Добавить в цитаты Настройки чтения

Страница 18 из 57

Всё это видели стоявший на пирсе матросы "нанесшей дружественный визит в рамках борьбы с терроризмом" американской эскадры. Один — рослый, сухощавый, с нашивками, уже немолодой — отвернулся. А другие ржали, скалили белые зубы. И другой — губастый негр — что-то прокричал отцу, обидное и насмешливое, а потом выставил кулак с поднятым средним пальцем.

Отец не видел. Его, качающегося, уводила с причала мама. А через миг камень, брошенный девятилетним Денисом, ударил чёрного по губам.

Американцы взревели. Негр, шипя ругательства и смахивая кровь, пошёл на замершего со сжатыми кулаками мальчишку. Но тогда сухощавый рванул негра за плечо и ударил. И бил до тех пор — под молчание остальных, костистыми большими кулаками — пока тот не перестал визжать и подниматься.

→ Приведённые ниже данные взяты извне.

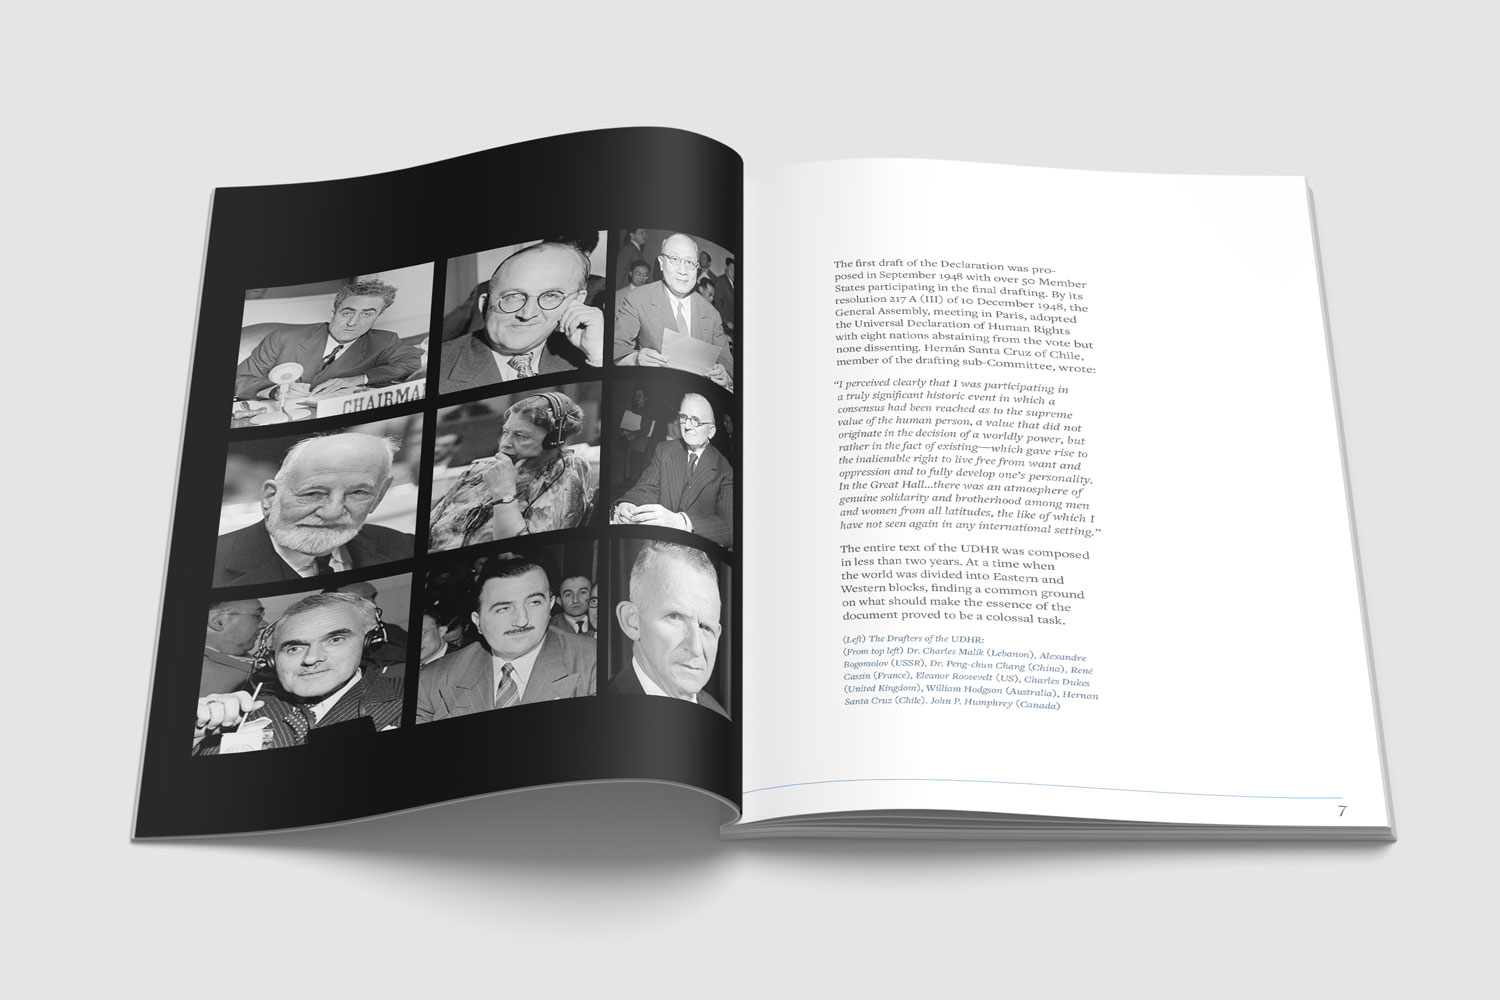 A spread of the UN booklet, showing the nine people who drafted it.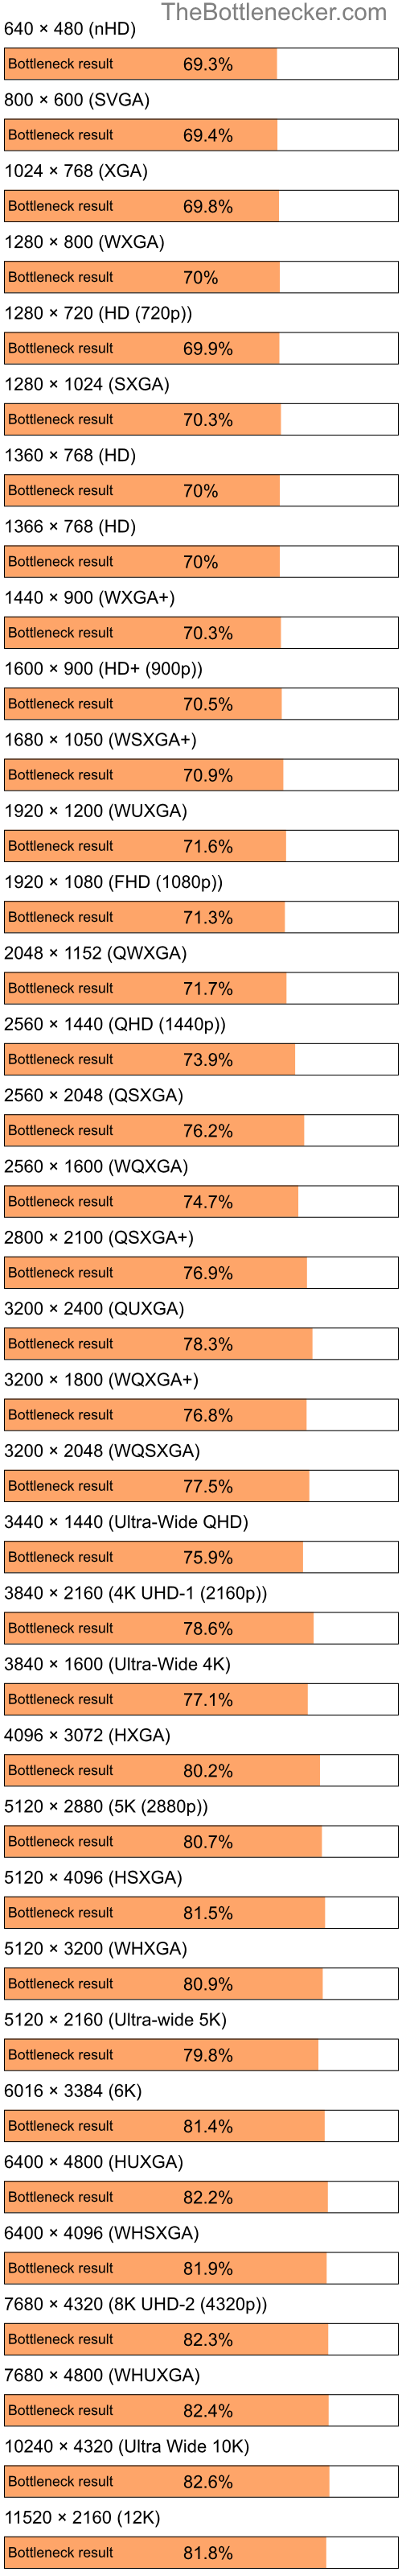 Bottleneck results by resolution for Intel Celeron M 410 and NVIDIA GeForce 8300 in Graphic Card Intense Tasks

А потом подошёл к Денису, крепко взял за руку и молча повёл следом за отцом и матерью.

Денис шёл и плакал. Почему-то ему не было стыдно высокого молчаливого иностранца в чужой (да вражеской, что там уж!) форме…

В квартире Губиных американец так же молча оставил сорванные со своей белоснежной формы многочисленные красивые нашивки. И ушёл. А отец велел собираться — к нему домой, в станицу Виноградную, откуда когда-то семнадцатилетний Роман уехал служить самой лучшей, самой мощной, самой счастливой в мире стране…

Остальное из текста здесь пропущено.